Of course, any time you see the sentence “you can craft your own miniature parser” you probably start to sweat a little bit. There are a lot of edge cases, and you’re just trying to add search to your web application.

Enter websearch_to_tsquery

As of Postgres 11, there is a new function available, websearch_to_tsquery. The docs sum it up well:

websearch_to_tsquery creates a tsquery value from query text using an alternative syntax in which simple unformatted text is a valid query. Unlike plainto_tsquery and phraseto_tsquery, it also recognizes certain operators. Moreover, this function should never raise syntax errors, which makes it possible to use raw user-supplied input for search. The following syntax is supported:

  • unquoted text: text not inside quote marks will be converted to terms separated by & operators, as if processed by plainto_tsquery.
  • “quoted text”: text inside quote marks will be converted to terms separated by <-> operators, as if processed by phraseto_tsquery.
  • OR: logical or will be converted to the | operator.
  • -: the logical not operator, converted to the ! operator.

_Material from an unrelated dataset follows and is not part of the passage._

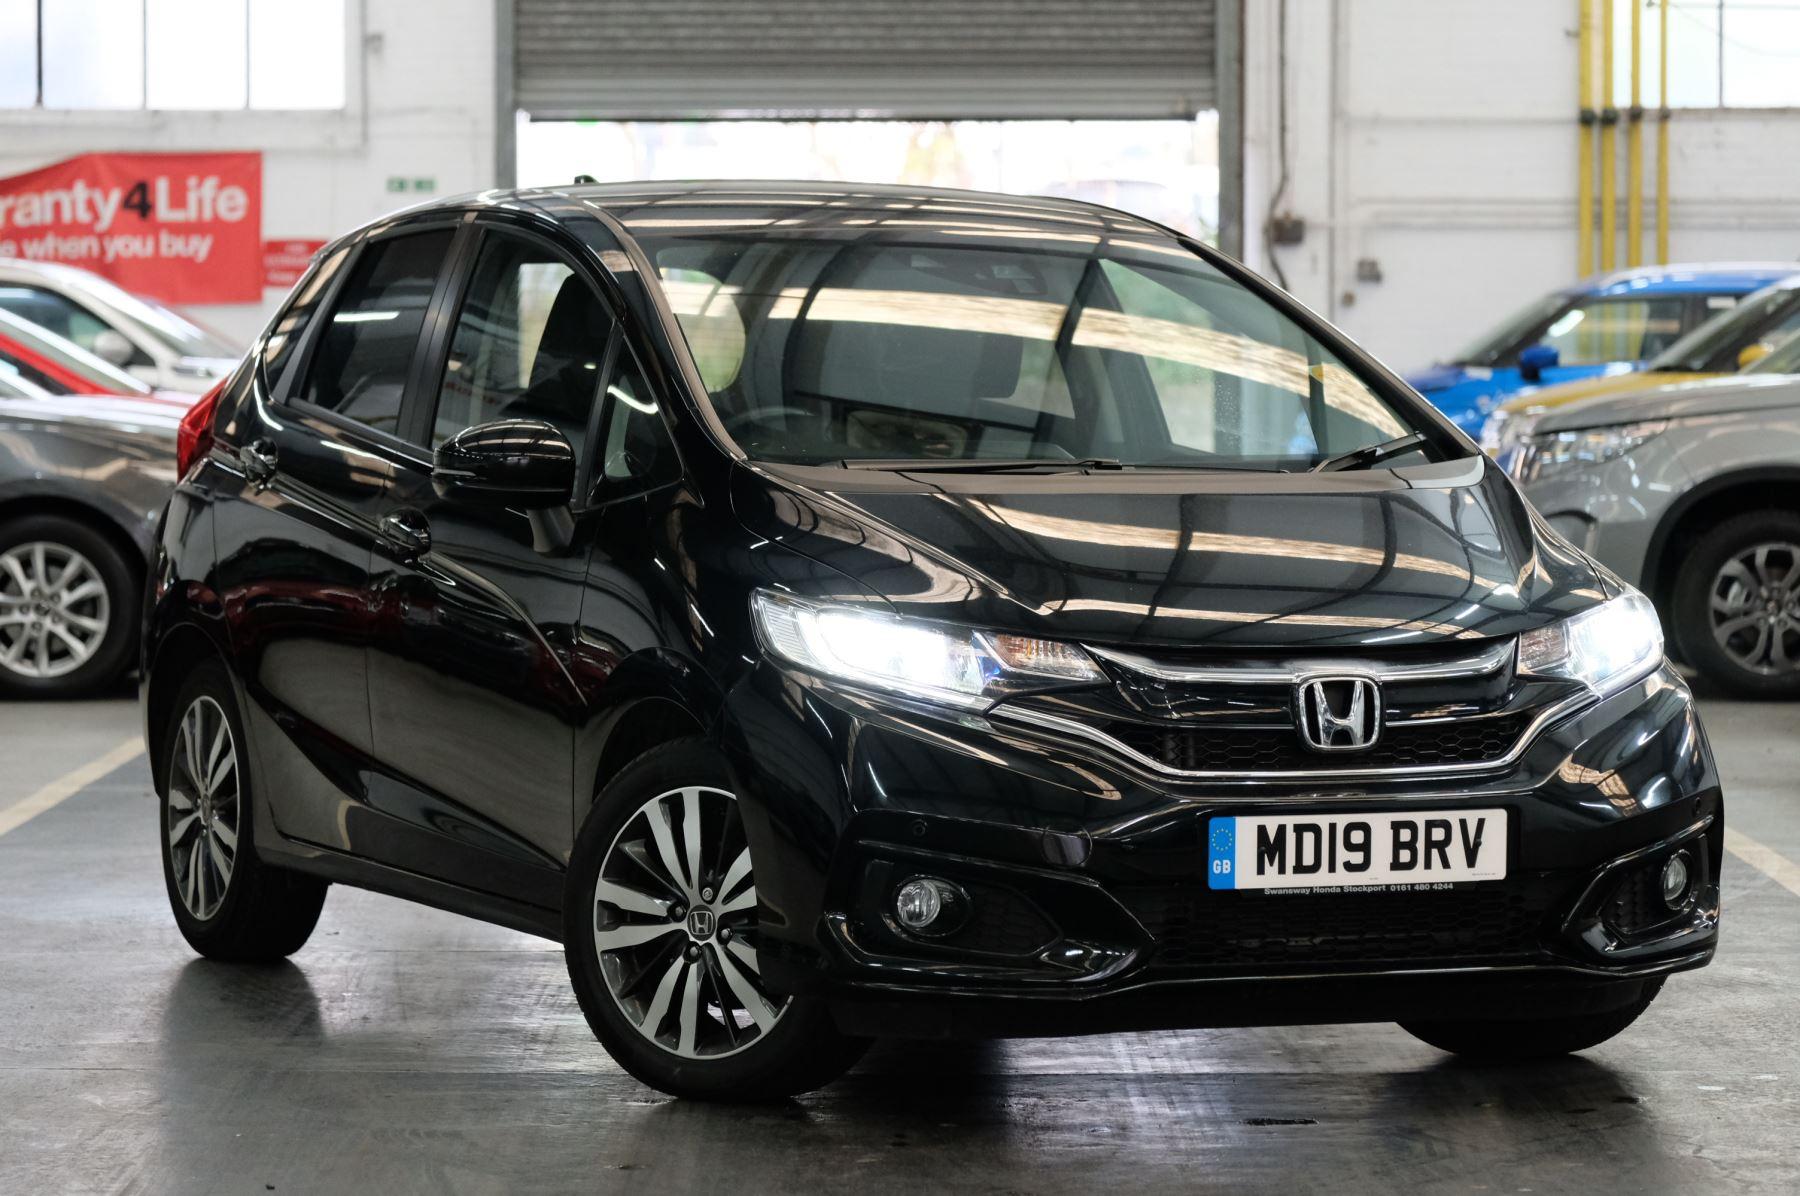 Honda Jazz 1.3 i-VTEC EX CVT Automatic 5 door Hatchback (2019) image

(via Controlling Text Search, Postgres 11)

Those rules are pretty useful, pretty much what most people would need if they were exposing search to their users. This was essentially the missing feature from Postgres’ search before Postgres 11. Perhaps most important is the fact that it is safe to pass user input into this function, whereas passing it to to_tsquery and its cousins could often lead to a syntax error due to their peculiar syntax and rigid parsing.

This means we can write searches like "ham sandwich" OR "turkey sandwich" -mustard in a search box on our site, and pass it through to Postgres and have it just work!

So that’s where that line of Django code from the beginning of this article comes in. By passing search_type="websearch" to SearchQuery, you can use this powerful Postgres feature. This will be available on Django ≥ 3.1 and only if you’re on Postgres ≥ 11.